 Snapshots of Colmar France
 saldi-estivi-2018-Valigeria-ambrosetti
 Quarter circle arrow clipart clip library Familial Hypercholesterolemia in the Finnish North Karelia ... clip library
════════
## Problem to work on
Go through the data above and return every line exactly.

## Solution to this exercise
 Snapshots of Colmar France
 saldi-estivi-2018-Valigeria-ambrosetti
 Quarter circle arrow clipart clip library Familial Hypercholesterolemia in the Finnish North Karelia ... clip library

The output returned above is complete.